We are given a connected undirected graph where each edge represents a corridor with a unique energy cost. The Daleks always intend to build a minimum spanning tree, so among all possible spanning trees they will pick the one with minimum total cost, which is uniquely determined because all edge weights are distinct.

For every corridor that is currently not part of this minimum spanning tree, we are asked a very specific sensitivity question. We imagine increasing or decreasing that corridor’s weight, and we want the largest value we could set it to while still having a chance that this corridor becomes part of some minimum spanning tree. In other words, we are asking for the maximum threshold weight at which this edge could still be competitive enough to be chosen by an MST construction.

This is fundamentally a structural question about MST stability: how “expensive” can a non-tree edge become before it is guaranteed to be excluded from every MST.

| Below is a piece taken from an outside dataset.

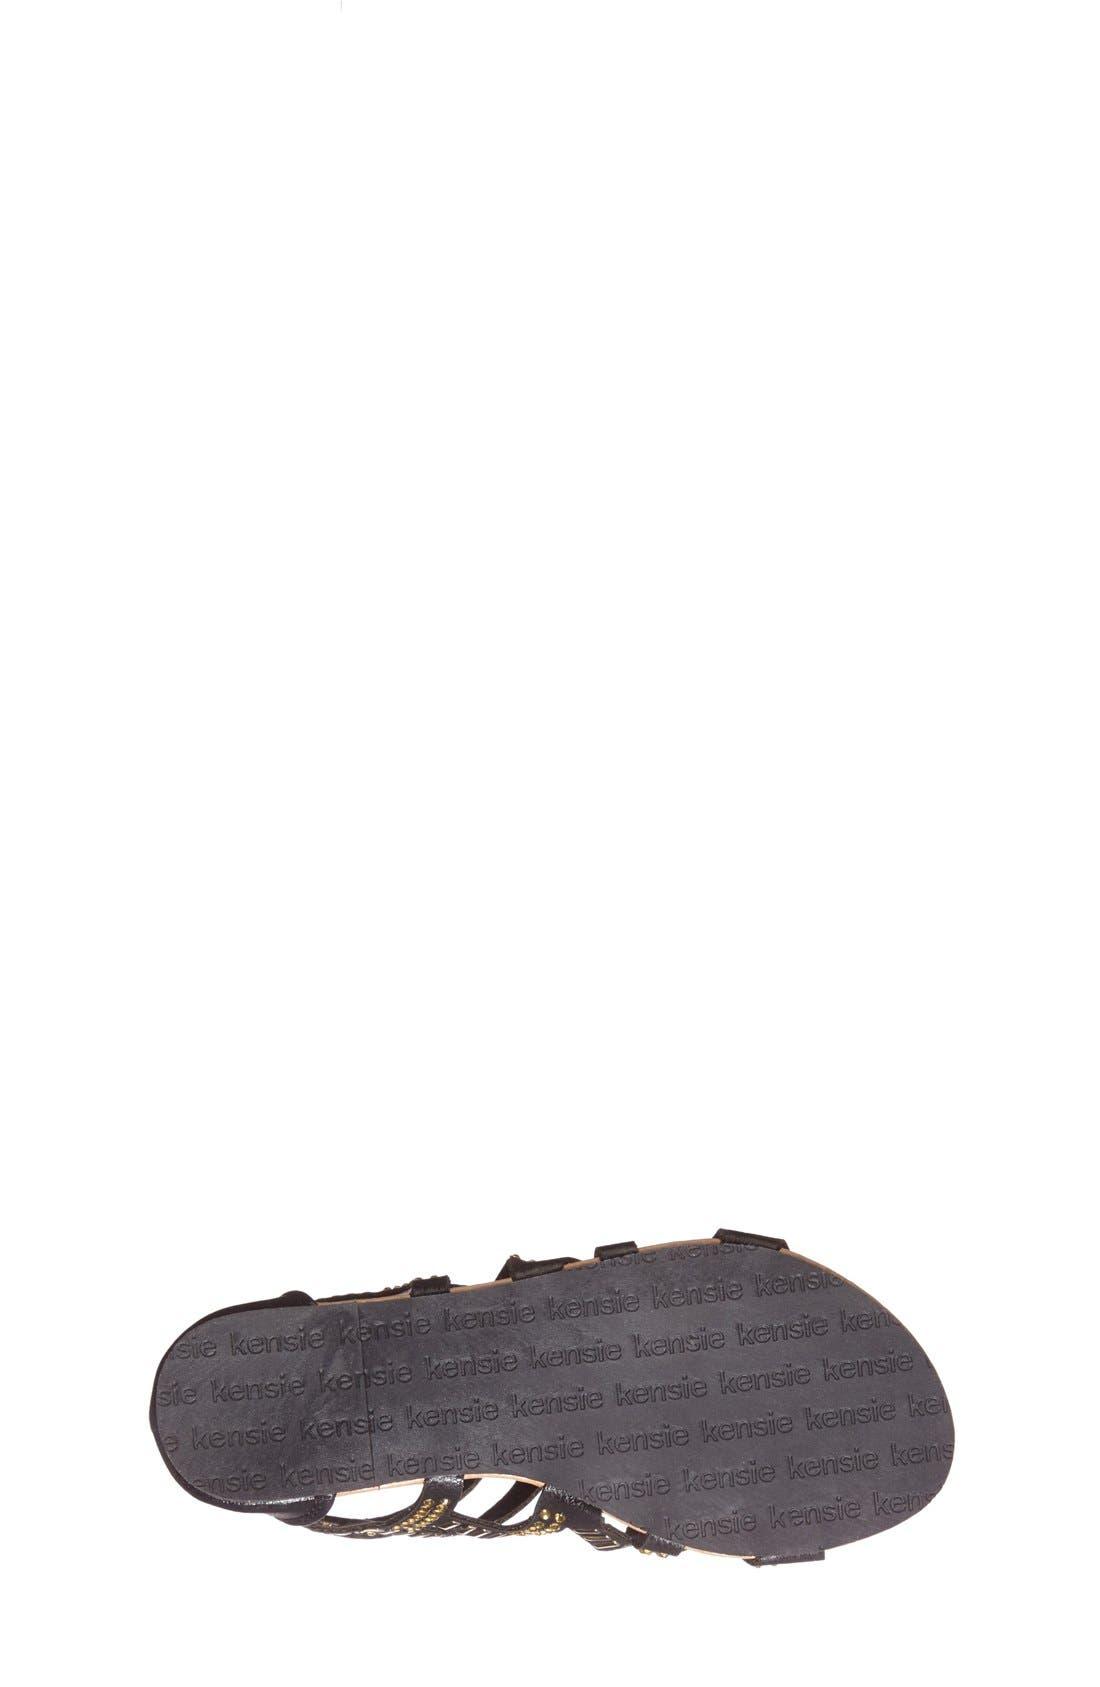 Alternate Image 4  - kensie girl Studded Strap Sandal (Toddler, Little Kid & Big Kid)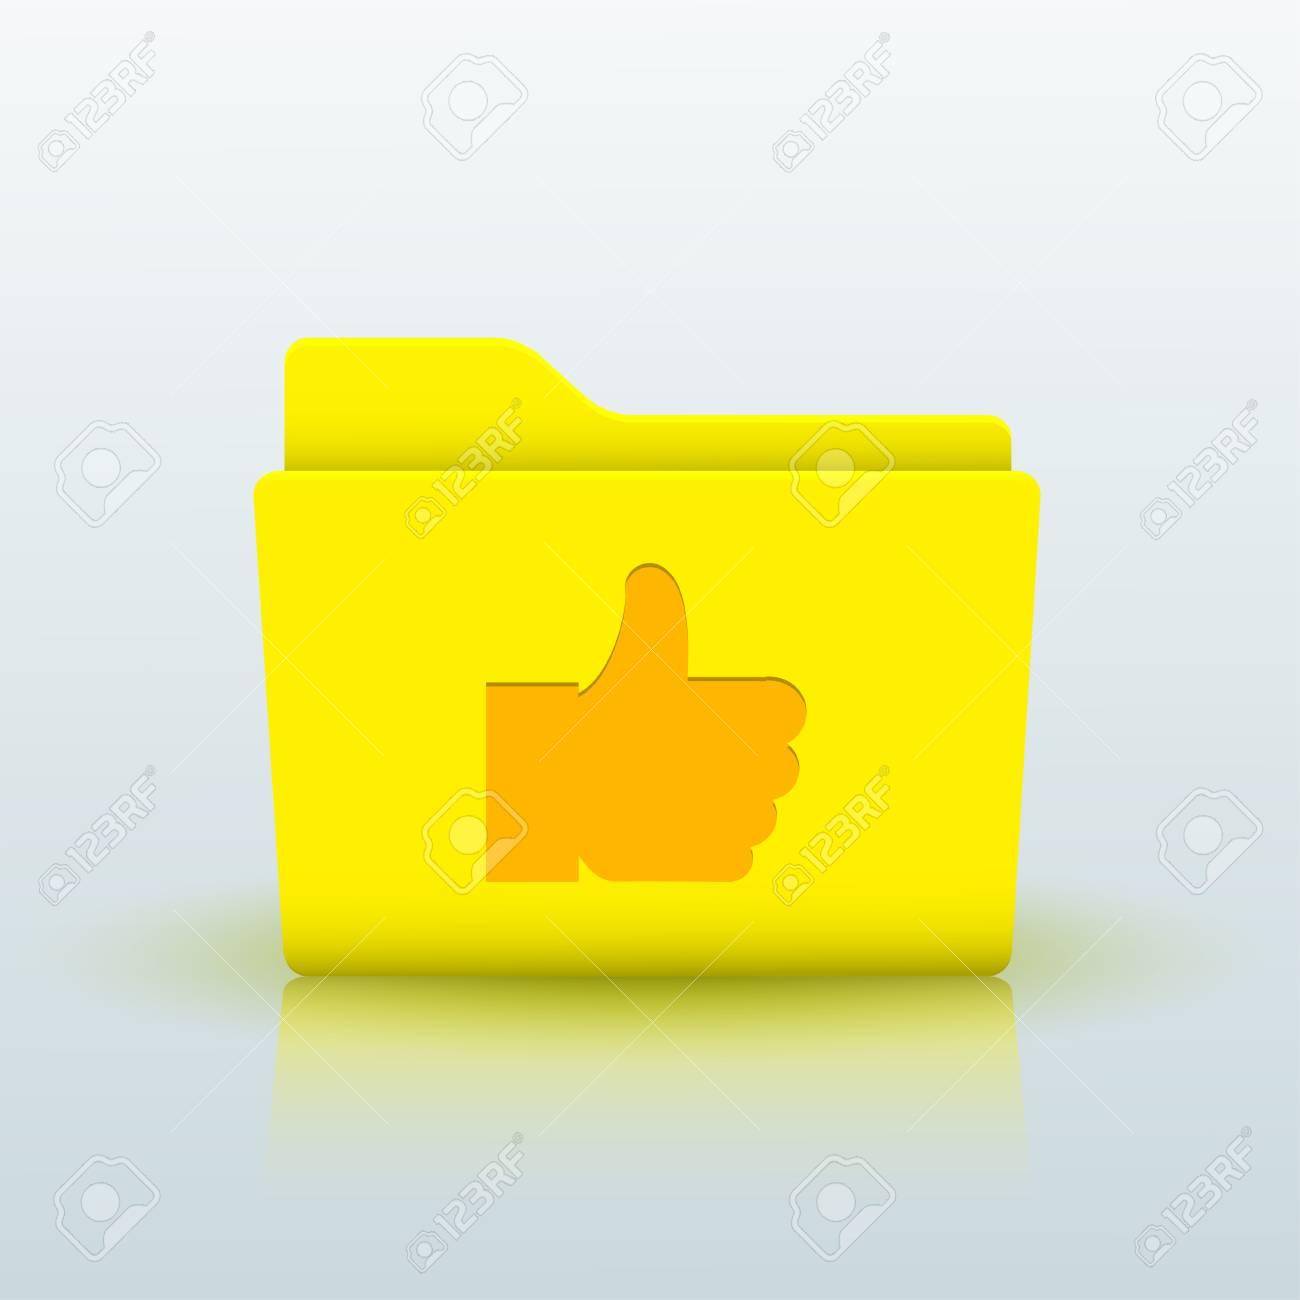 Vector yellow folder on blue background. Eps10 Stock Vector - 24809250

The constraints are large enough that any solution that tries to recompute a minimum spanning tree per edge is immediately impossible. With up to 10^6 edges, even an O(m log n) MST computation repeated m times would be far beyond feasible limits. Even per-query graph traversal is too slow; we need a single global preprocessing of the MST and then fast queries per edge.

A subtle edge case arises from cycles. Consider a triangle where the MST picks two smallest edges and rejects the largest. If we increase the weight of a rejected edge, it clearly stays rejected. But if we decrease it enough, it might replace the maximum edge in the cycle. The key subtlety is that what matters is not just adjacency, but the maximum edge along the path between endpoints in the MST.

Approaches

The brute-force idea is straightforward. For each non-MST edge, we temporarily modify its weight and recompute the MST. We then binary search the maximum weight for which the edge is still included. Each MST computation costs O(m log n), and doing this for up to m edges leads to O(m^2 log n), which is completely infeasible at 10^6 edges.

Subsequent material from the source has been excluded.